= François Audet =

Canadian scholar

François Audet is a Canadian academician who dedicated himself in humanitarian aid in which he worked for 15 years before starting an academic career.

He is the founder and director of the Canadian Observatory on Crises and Humanitarian Action (OCCAH), attached to the School of Management Sciences (ESG) at the Université du Québec à Montréal since 2012.

François Audet obtained a doctorate from École nationale d'administration publique (National School of Public Administration).
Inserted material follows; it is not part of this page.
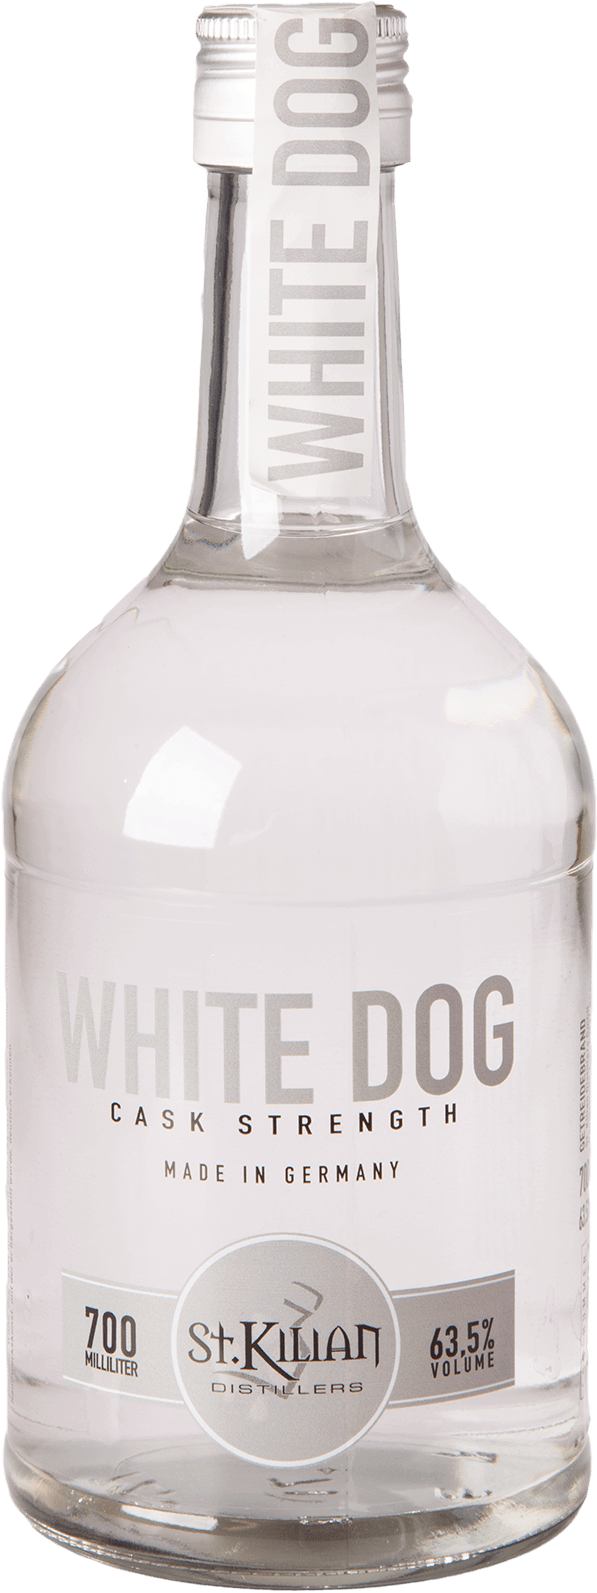 St. Kilian White Dog Cask Strength 63,5%

He regularly works with the media to analyze and discuss disasters and contemporary humanitarian issues.

== Publications ==
In addition to many articles, François Audet has published the following books:

- *Mobilités internationales et intervention interculturelle - International mobility and intercultural intervention Theories, experiences and practices, under the direction of Catherine Montgomery and Caterine Bourassa-Dansereau Presses of the University of Quebec, 2017 (ISBN 978-2-7605-4778-0)
- L’Aide canadienne au développement- Canadian Development Assistance•: Balance Sheet and Perspective (edited by M. E. Desrosiers and S. Roussel, University of Montreal Press, 2008, 352 p. 5 (ISBN 978-2-7606-2105-3)
- Nouvelles d’humanitaires-Humanitarian News, Les Malins Publishing, 2016, 264 p. 6 (ISBN 978-2-89657-440-7
- Comprendre les organisations humanitaires- Understanding humanitarian organizations, University of Quebec Press, 276 p. 7 (ISBN 978-2-7605-4598-4)

== Achievements ==
- Development of the program "Risk Management and Security in new contexts of insecurity" to Québec international cooperation organizations, in partnership with AQOCI and with the support of the Ministère des Relations internationales and La Francophonie.
- Visiting scholar for the Harvard University Program on Humanitarian Policy and Conflict Research (HPCR)
- Co-founder of the Canadian Humanitarian Partnership Conference in partnership with the Humanitarian Coalition and the International Development Research Center (IDRC), October 2013 and December 2014.